So what is so special about the vx engine that makes it be able to ignite so well?
Piston design? Ignition Design?
I posted a rather large pic.
Honda pistons are pretty much standard. Honda ignition systems are mediocre at best. The pent-roof combustion chamber shape has a lot to do with it but it certainly is not unique to the D15Z1. It's pretty much standard across the entire Honda lineup since the early 80's.
Originally Posted by trautotuning
Oh and if anybody is planning on doing this (like me), it is a very wise idea to go with an aftermarket ignition module like MSD or the such.
These devices can multifire below a certain rpm, which is what you need to be able to light those lean mixtures (and it is exactly what the Honda insight does, multi fires the plug).
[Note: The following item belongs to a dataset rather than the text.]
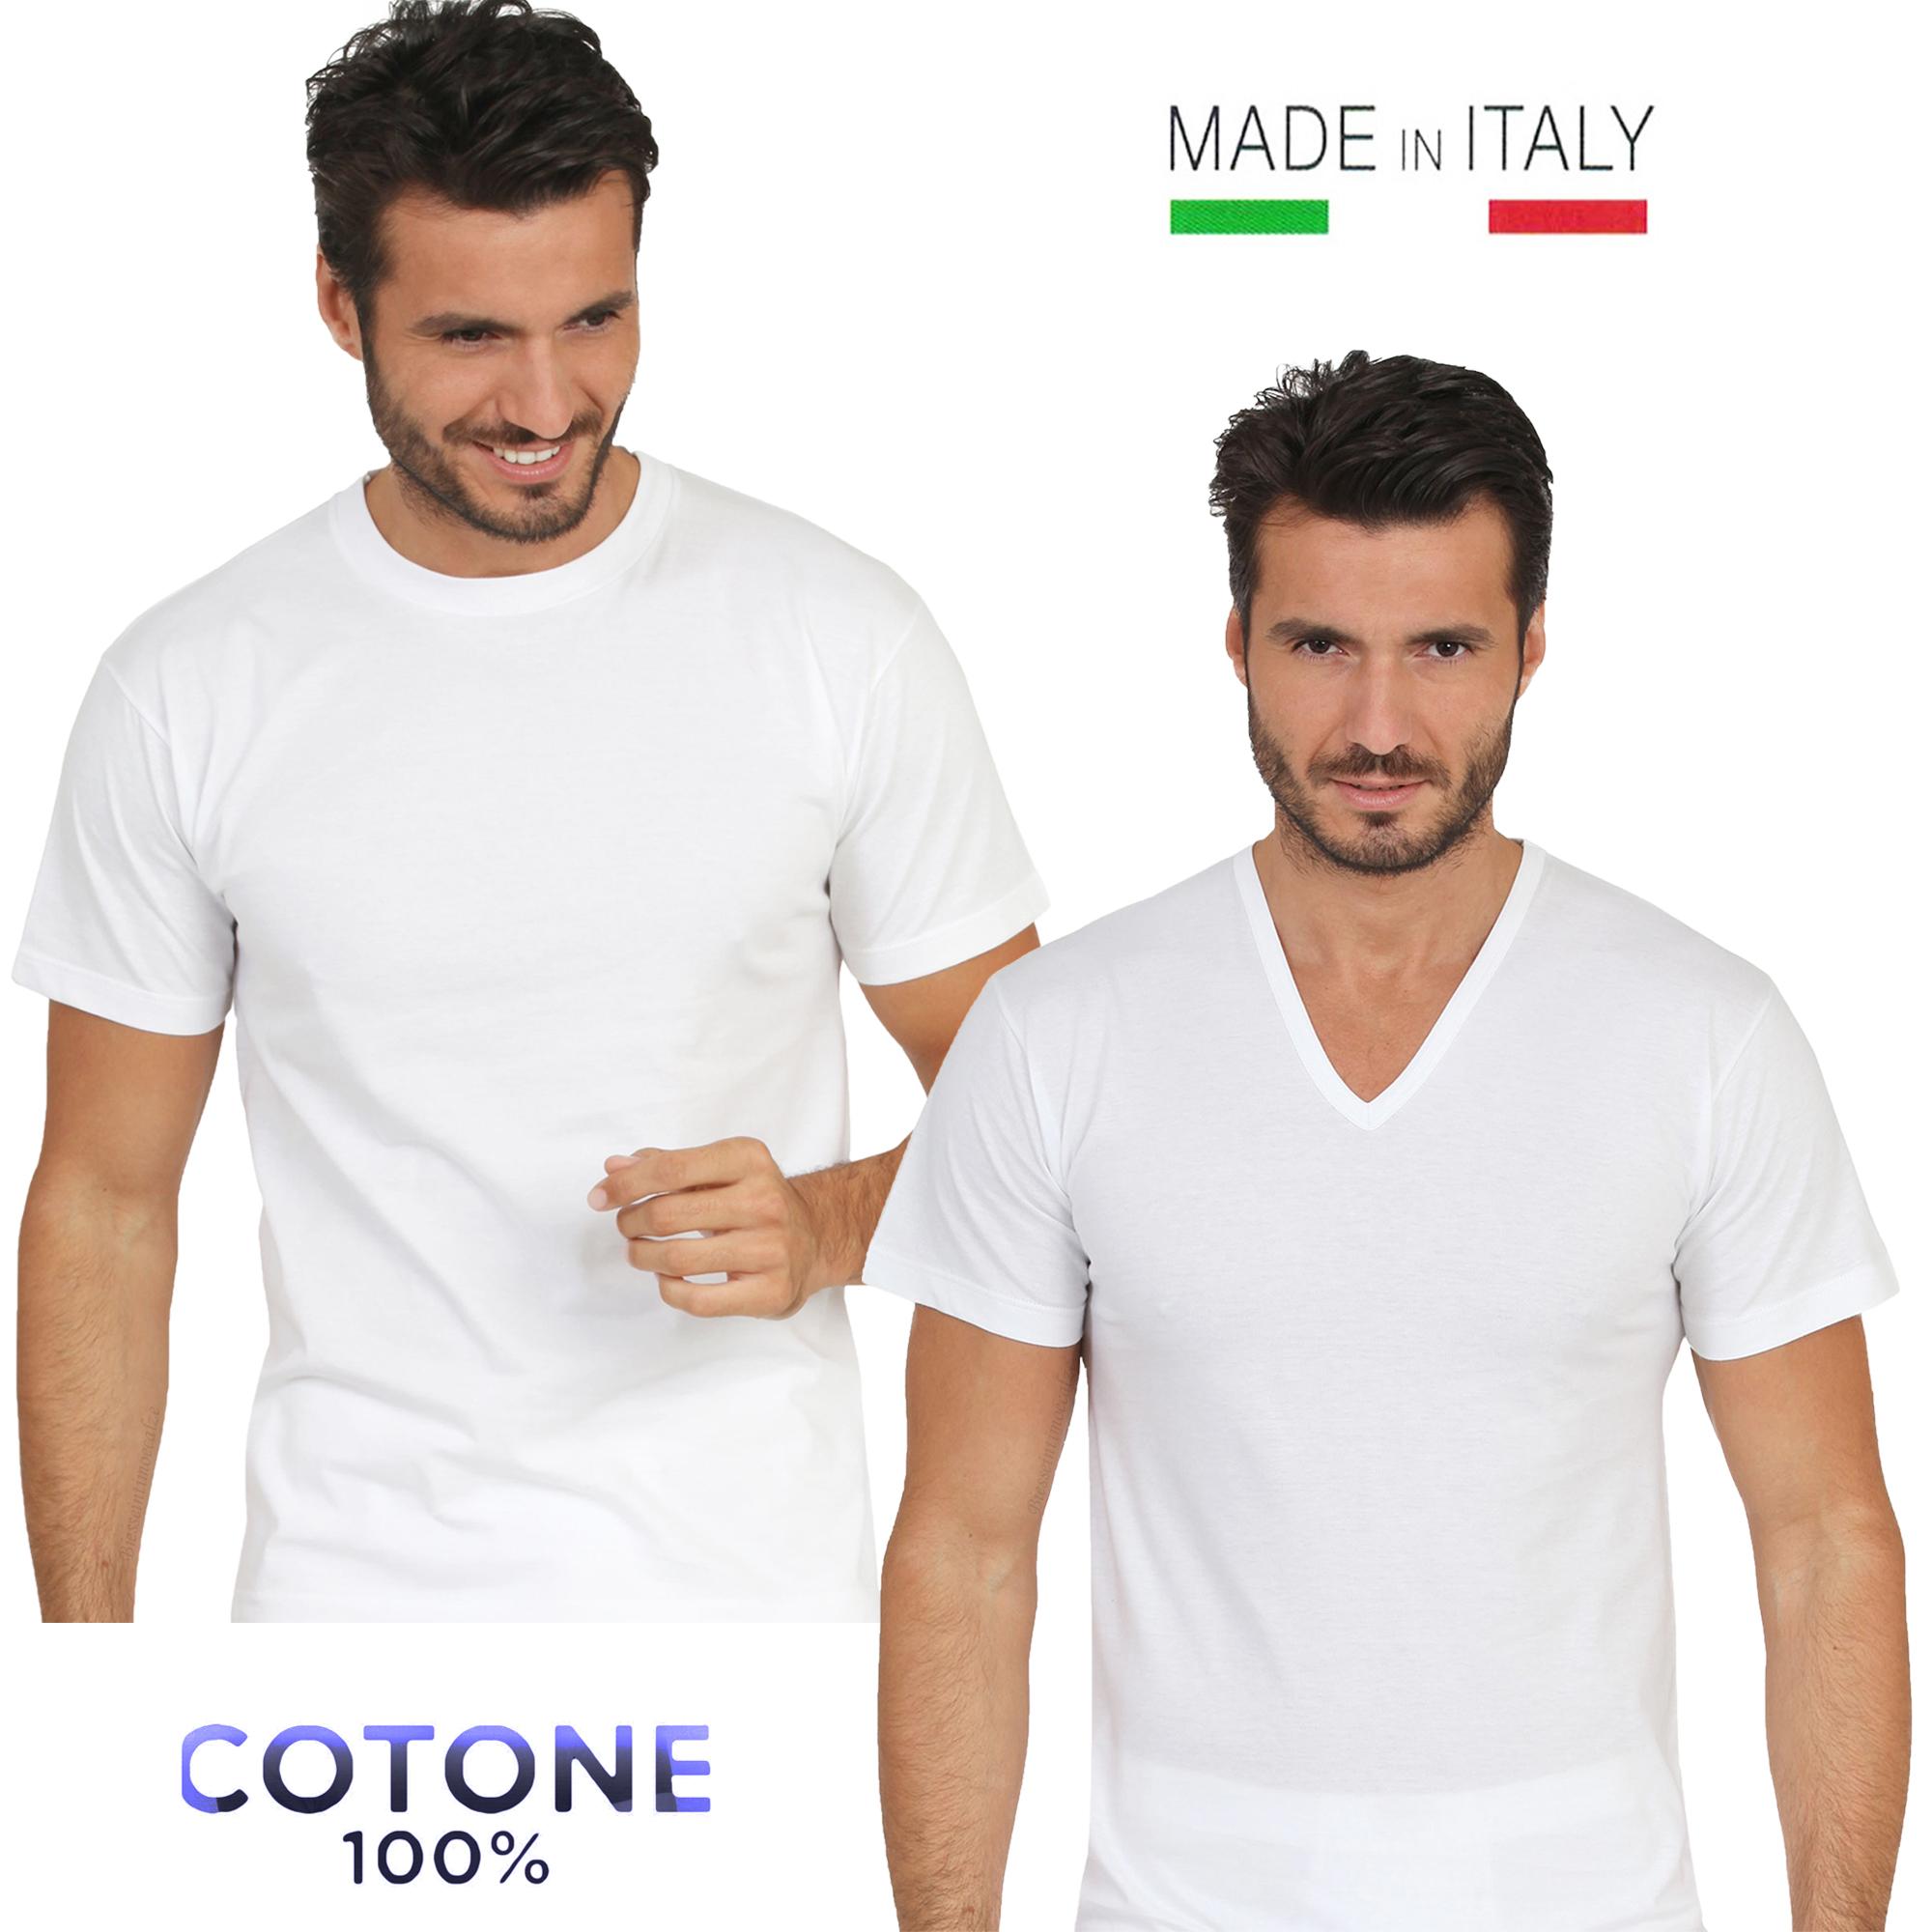 Pacco da 3 Hanes T-Shirt Uomo

Just a heads up on what I have learned through my research in order to get my engine to lean burn safely
I have an AEM Twin Fire (CDI multistrike ignition system) on mine as part of converting it to direct fire.
"Q: What is Multi-Strike?
A: Multi-Strike is the process of firing the spark plug multiple times at low RPM to aid in idle quality, throttle response and engine start up. The AEM CDI can deliver up to 8 full energy spark events sequentially."
Doing a bit of research, it looks like lean mixes alone do no harm, but at low rpms and high load, lean mixes can lead to detonation and its the detonation that can damage pistons, burn valves etc.
My friend melted 2 or 3 pistons in his 250cc mx motorcycle before he realized he had leaky crank seals, making his bike run lean. Of course he was hammering it to death every time. Thing was he said it was running GREAT, really fast, and then nothing. From what I've seen, I concur...
...ultra lean mode can involve ratios as high as 65:1. [...]
Ultra lean burn mode is used for light-load running conditions, when little or no acceleration is required. The fuel is not injected at the intake stroke but rather at the latter stages of the compression stroke, so that the small amount of air-fuel mixture is optimally placed near the spark plug. This stratified charge is surrounded by mostly air which keeps the fuel away from the cylinder walls for lowest emissions. The combustion takes place in a toroidal (donut shaped) cavity on the piston's surface. This technique enables the use of ultra-lean mixtures impossible with carburetors or conventional fuel injection.
Really? I've read that they're pretty good at what they do... That it's not generally necessary to upgrade them for most performance applications. Are you saying that because you had problems when running a modified lean-burn setup, or because you're annoyed that it doesn't fire 15 times every other cylinder stroke?
Really, I don't think it's fair to compare factory equipment to an aftermarket setup when modifying the engine beyond its intended range of operation. If the engineers had expected the engine to run particularly lean, they would have upgraded the ignition to cope. Newer Honda lean burn engines have two spark plugs per cylinder, and each plug has its own coil/ignitor unit assembly. The separate ignition assemblies not only add redundancy and therefor reliability, but also divide up the work load so plugs could conceivably be fired multiple times (maybe they already are?) with just a tweak of the ECU programming.
This graphic shows 16:1 as having the best economy.
On a related note, supposedly NOX emissions go up when you run too lean, but based on the graphs at the beginning of this thread, it seems that running ultra lean would have lower combustion temps and therefore lower NOX emissions than a stoichiometric ratio.
Wouldn't the ratio of oxygen to nitrogen remain the same regardless of the volume?
The "Lean" aspect applies to the volume of air relative to the volume of fuel so although the volume of air is decreased the actual mixture of the air does not alter.